X and Y is normal random var with mean(x) = 1 and mean(y) = 2 and variance(x)=1 and variance(y) = 4 and covariance(x,y)=1.

U = X-Y
V = X+Y

find E(U),Var(U),Cov(U,V)
• Jul 30th 2011, 12:57 AM
girdav
Re: expectation, variance, covariance
$E(U) =E(X)-E(Y)$, $\mathrm{Var}(U) = E((X-Y)^2)-(E(X-Y))^2$ and $\mathrm{Cov}(U,V)= E(UV)-E(U)E(V)$.
• Jul 30th 2011, 12:58 AM
bingunginter
Re: expectation, variance, covariance
Quote:

Originally Posted by girdav
$E(U) =E(X)-E(Y)$, $\mathrm{Var}(U) = E((X-Y)^2)-(E(X-Y))^2$ and $\mathrm{Cov}(U,V)= E(UV)-E(U)E(V)$.
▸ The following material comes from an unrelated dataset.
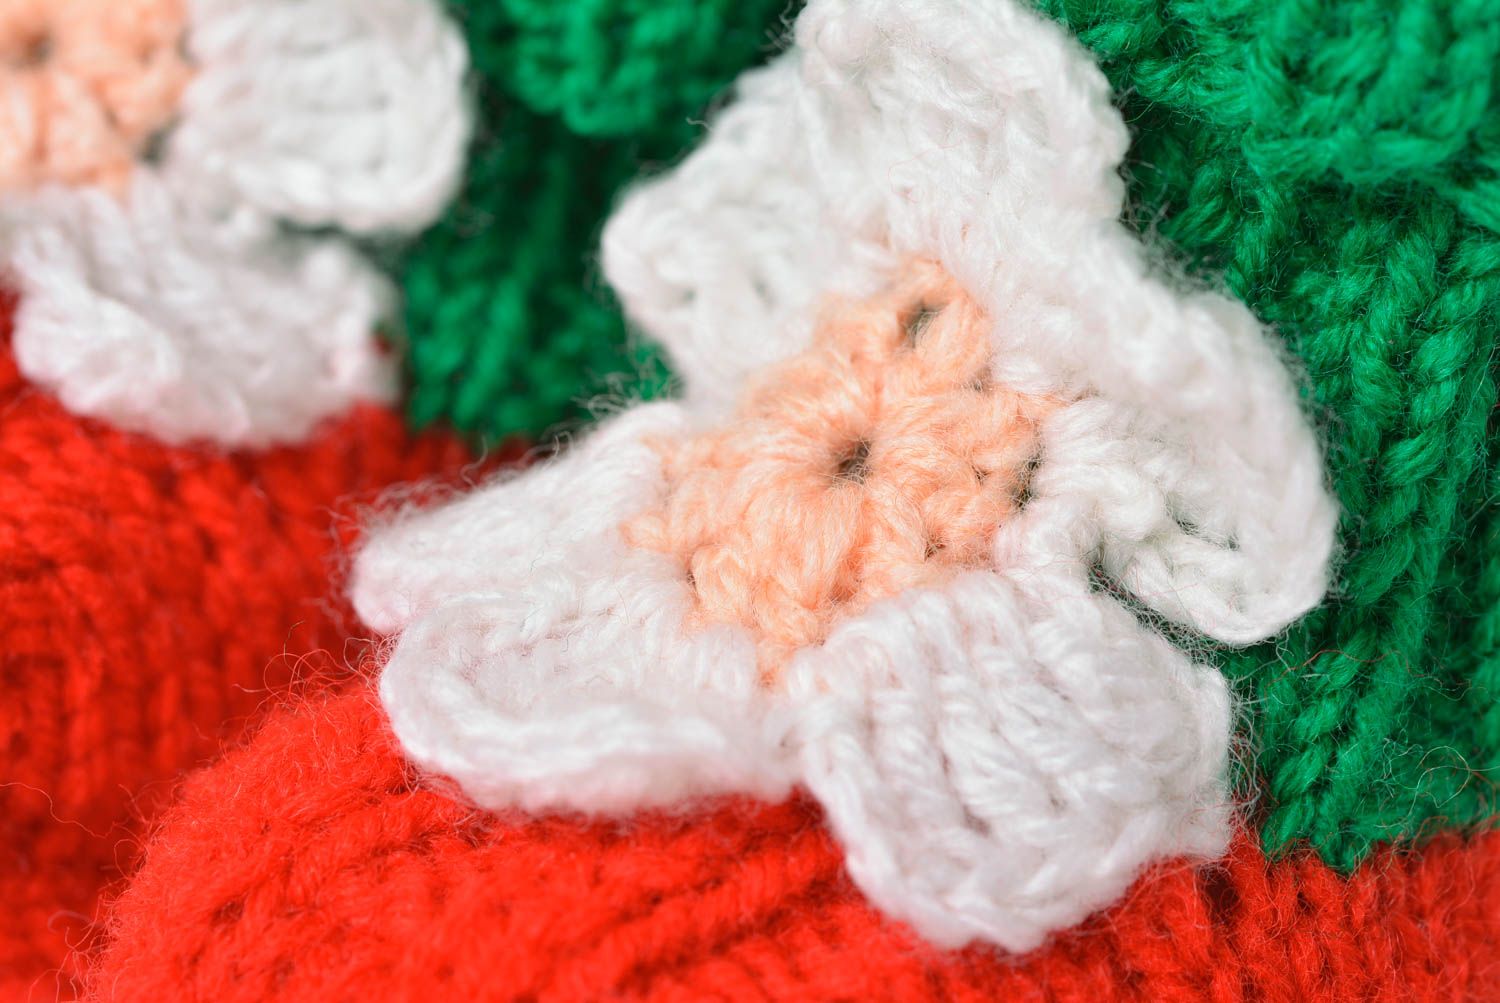 Handmade knitted baby booties made of wool winter socks for small children photo 2

I thought that above only if x and y independent ?
• Jul 30th 2011, 01:04 AM
girdav
Re: expectation, variance, covariance
$E(X_1+X_2)=E(X_1)+E(X_2)$ for two integrable random variables is always true, but $\mathrm{Var}(X_1+X_2)=\mathrm{Var}(X_1)+\mathrm{Va r}(X_2)$ is true if $X_1$ and $X_2$ have a variance and $E(X_1X_2)=E(X_1)E(X_2)$. It's true when $X_1$ and $X_2$ are independent, but the last equality can be true even if $X_1$ and $X_2$ are not independent.